Ava çıkmışlardı babası ile Çolpan, avda kaplanı avlamış eli yüzü kan olmuştu. Babası onun bu kan içinde yüzmesini pek sevmezdi fakat Çolpan halkın içinde eli, yüzü kanla gezmesini çok severdi. Halkın arasında kanla gezerken başını kaldırdı deli bike. Etrafa küstah bakışlar atıyordu. Kan üzerinde kaldığında mutlu olurdu. Etrafa gözlerini diktiğinde ondan çekinen bakışları görmeyi severdi... Ta ki, gözleri Saltuk'u bulana kadar. O genç dağban onun gözlerine sıcacık bir gülümseme ile bakıyordu. Sanki hoşuna gitmiş gibiydi. Çolpan bakışlarını daha da kaldırarak gözlerini ona dikti. Saltuk ise selam verdi bikesine. O gün düşmüştü, bu akılsız ve cesaretsiz dağban... O gözlerini neden diktin aptal! Gözlerini kaçıracaksan bugün toyumda, neden diktin o sıcak gözlerini gözlerime... Neden kalbimi aldın aptal!

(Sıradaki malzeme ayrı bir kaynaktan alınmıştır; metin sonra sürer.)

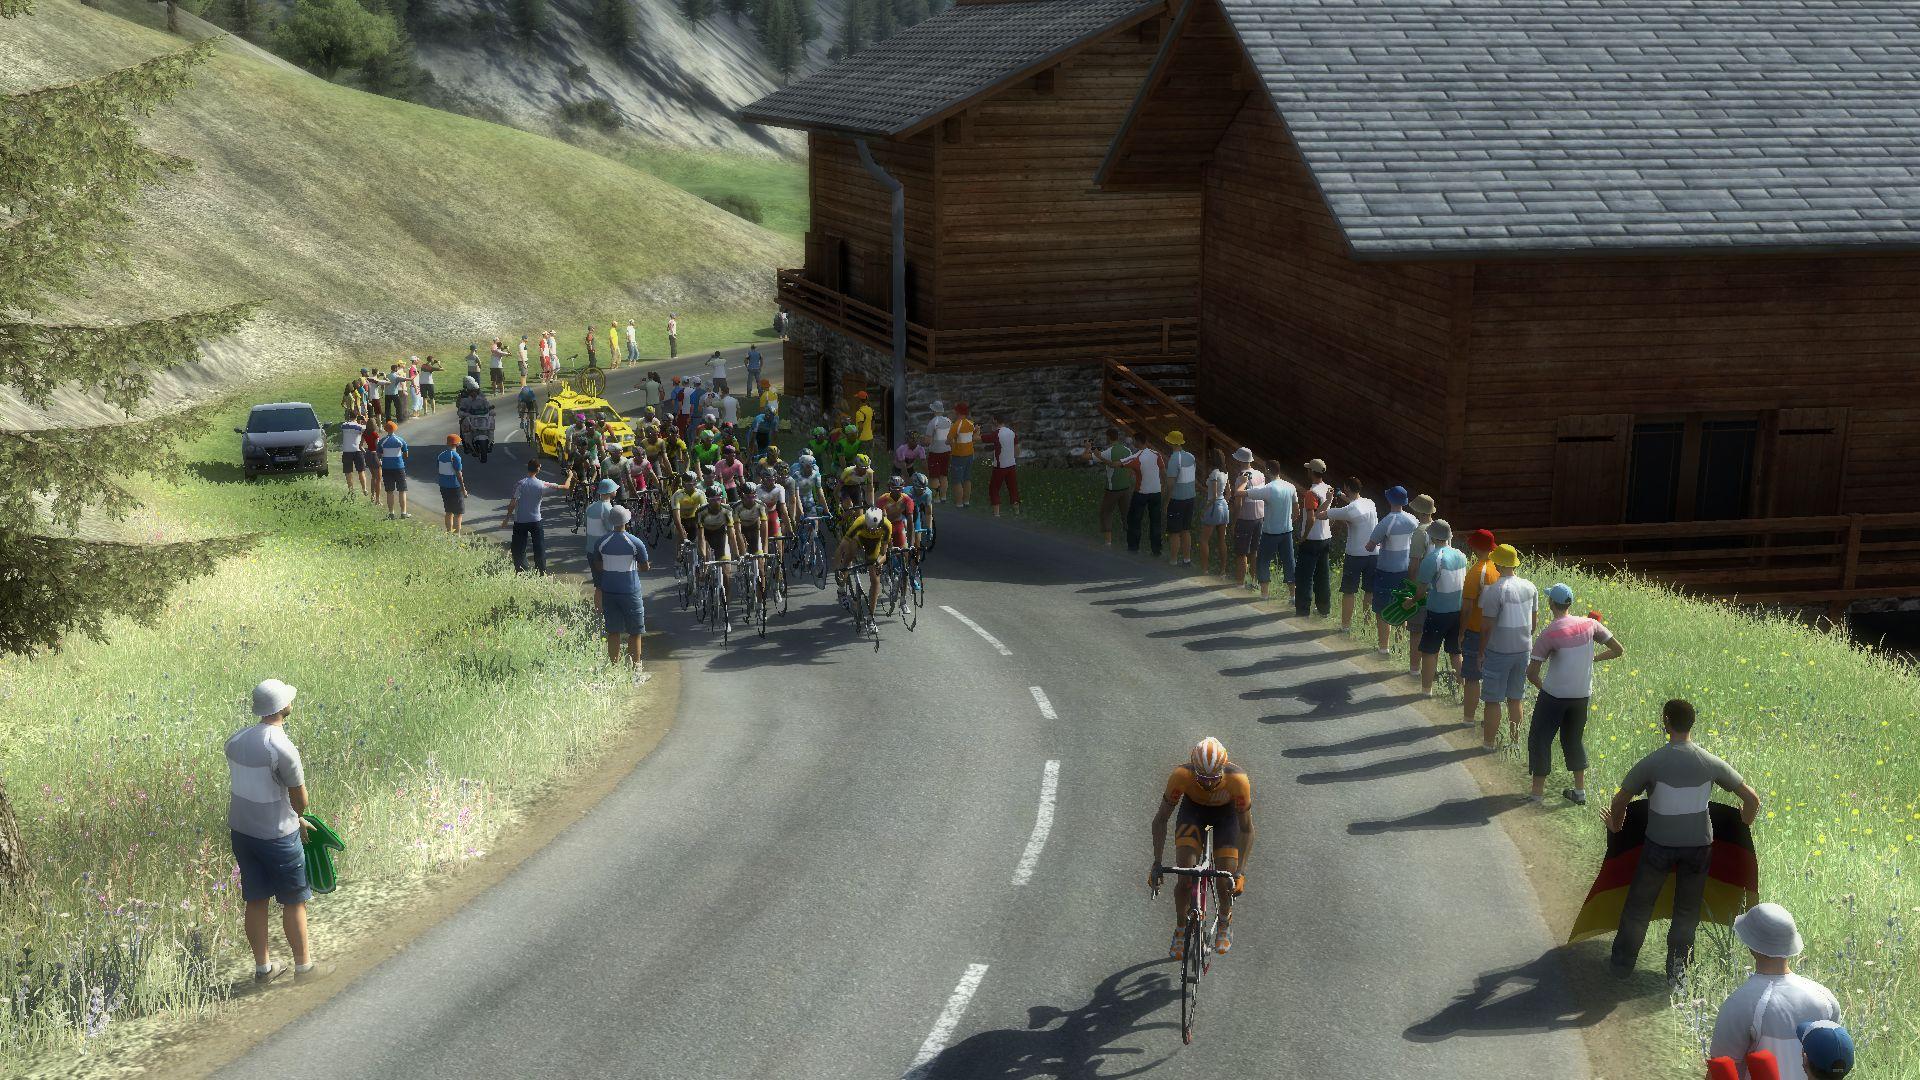 pcmdaily.com/images/mg/2017/Races/U23/Avenir/AVES7%2017.jpg

O sırada babası Toygar han, kızının koluna girdi ve toy alanına götürdü. Altay beg ise Çolpan'ı gördüğü için hoşnut olmuştu. Dağ hanlığı da onlara katılacaktı, keyifliydi. Çolpan'ı süzdü. Hem de güzel bir hatunu olacaktı. Hırsını ve vahşiliğini bilirdi fakat hatunluk bu kadını değiştirecekti. Vahşiliğini değiştirecekti her şey... İğrenç bir şekilde gülümsedi. Çolpan adama doğru yaklaşırken derin bir nefes aldı, kalbinde acı hissediyordu. İşin kötü yanı, zihni de hata yaptın Çolpan diyordu. Girdiği yoldan dönüş olmadığı için adama doğru yürümeye başladı. Tam o sırada Altay beg okla vuruldu. Bir anda çığlıklar arasında kalmıştı Çolpan. Yere düşen Altay beg'e birkaç tane daha ok saplanmıştı. Yerde akan kana bakıyordu. Etraf çığlık çığlığaydı ama Çolpan hissetmiyordu. Etrafında dağbanlar yerleşmeye başlasa da titremesi durmuyordu. Birkaç ok dağbanları indirdiğinde yere daha çok çömeldi. Yolun sonu Çolpan diyordu kendine fakat babasını gördü uzaktan. "Çolpan!" diye bağırıyordu. Tuttuğu nefesini bıraktı. Bir anda, etrafta ona doğru gelen heybetli birini gördü. Çolpan'ı aldı. Omzuna attı, kalabalık arasından koşarak çıkardı. Ata bindirdiğinde Çolpan kendine gelmişti.

"Ne yaptığını sanarsın sen? Dağın bikesini kaçırırsın!"

"Dağ'ın bikesini toy katliamından kaçırırım." Ata vurdu ve hareketlendiğinde Çolpan kendini iyice Saltuk'a yaslamıştı. Saltuk onu önüne koymuştu ki, herhangi bir ok durumunda Çolpan'a bir şey olmasın. Nereye gittiklerini bilmiyordu Çolpan, göz gözü görmüyordu onun için. Altay begin kanı bulaşmıştı ona. Ellerine baktı. Saltuk etrafını sıkıca sardığında kendini kaybettiğini anlamıştı. Bu sıcaklık ona iyi gelmiş. Gözlerini kapatmıştı. Daldığını bile anlamamıştı. Gözlerini açtığında Saltuk'un postu üzerinde yatıyordu. Saltuk kenarda ateş yakmış. Başında duruyordu. Çolpan hızlıca hançerini aldı ve ayağa kalkıp adamın boynuna yaklaştı. "Beni neden kaçırdın?"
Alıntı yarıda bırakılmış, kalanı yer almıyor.